Air Force discloses procurement fraud probe, provides few details

The Air Force has been quietly investigating potential procurement fraud for nearly two years, service officials revealed Friday.

The Office of Special Investigations opened its probe in January 2021, spokesperson Linda Card told Air Force Times. She declined to provide details on the scope of the case or whether fraudulent products were used in military aircraft.

“This investigation is still open and ongoing,” Card said. “Complex fraud investigations like this one generally take a very long time to conclude.”

The news comes on the heels of a federal civil lawsuit in South Carolina District Court that argues defense companies Lockheed Martin, Collins Aerospace and Teledyne Technologies may have installed counterfeit electronic components on an ejection seat that malfunctioned during a fatal fighter jet crash in 2020.……

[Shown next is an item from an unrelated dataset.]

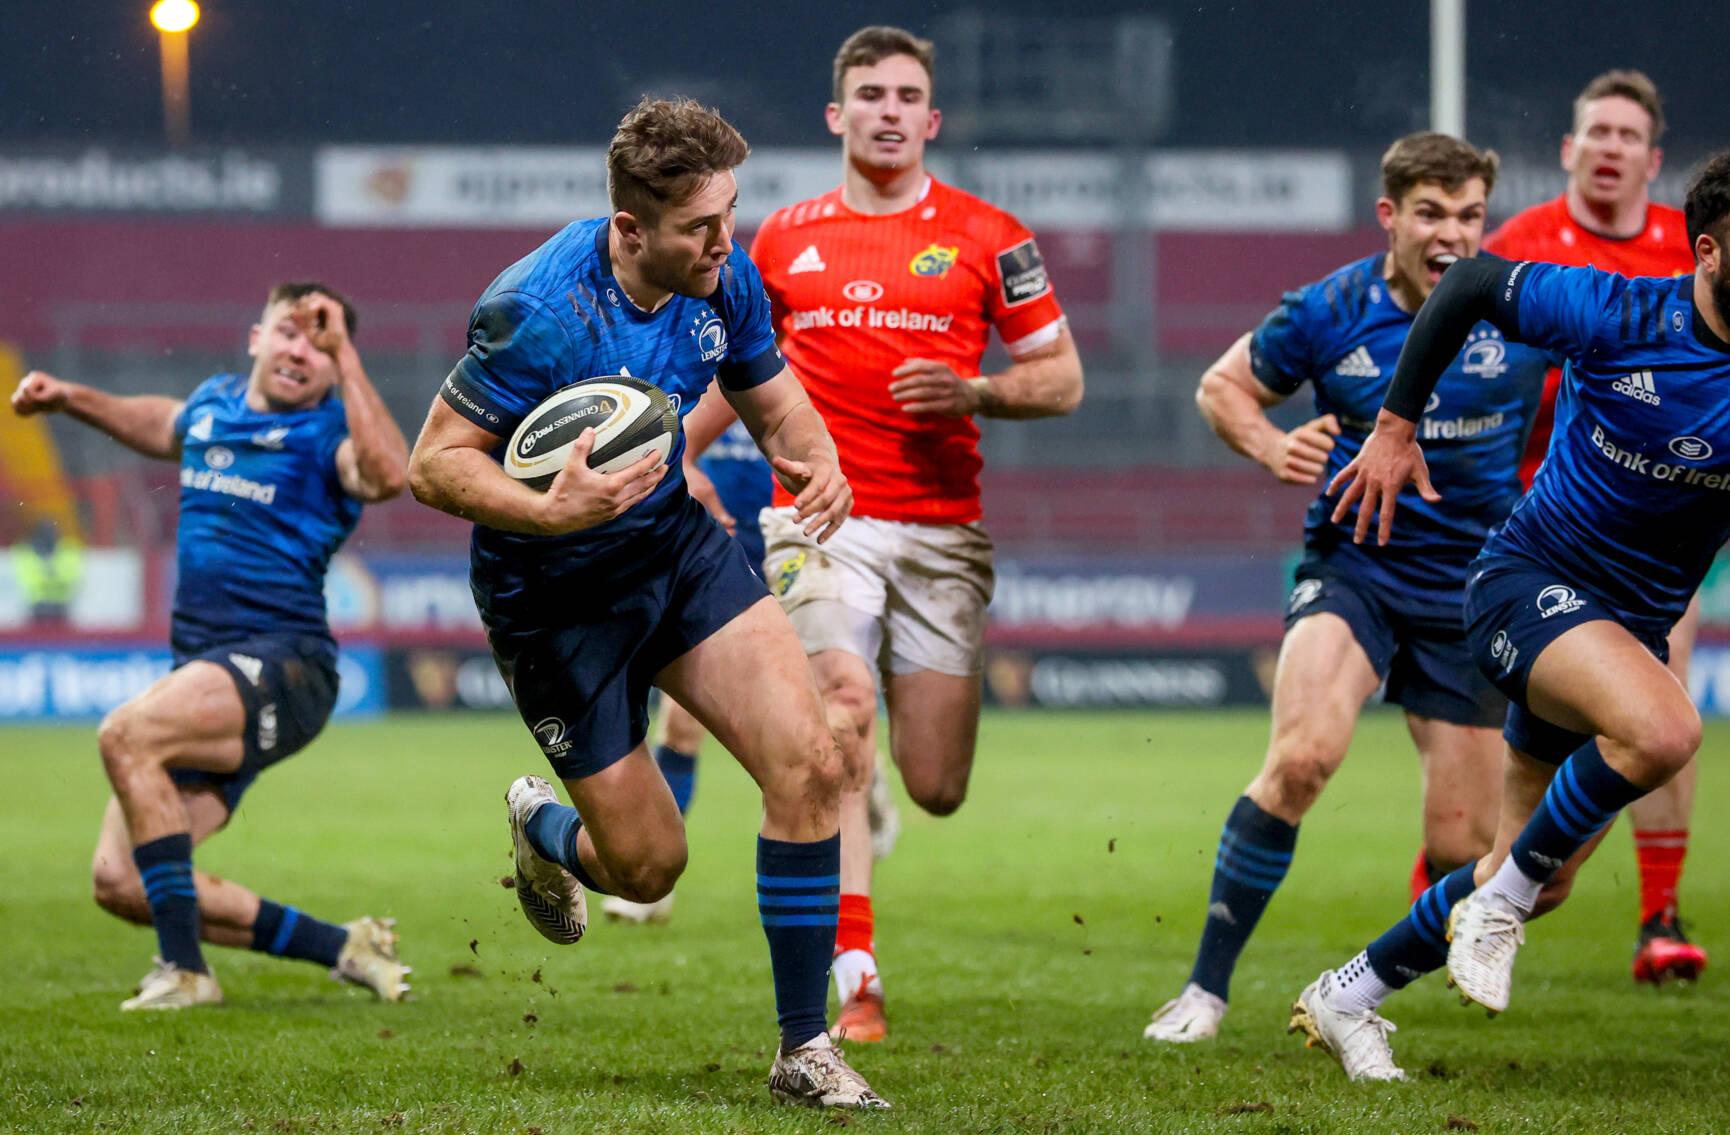 Munster Let Lead Slip As Larmour Strikes Decisive Blow

From 2013 to 2017, the federal government recovered more than $6.6 billion from defense contracting fraud cases, according to the Government Accountability Office.

Last year, a GAO report on shortcomings in the Pentagon’s efforts to combat fraud noted that the Air Force did not adequately track procurement fraud as required in periodic risk assessments.

More than two dozen military organizations, including the Air Force, had not chosen representatives to sit on a newly created fraud-reduction task force, the report added…….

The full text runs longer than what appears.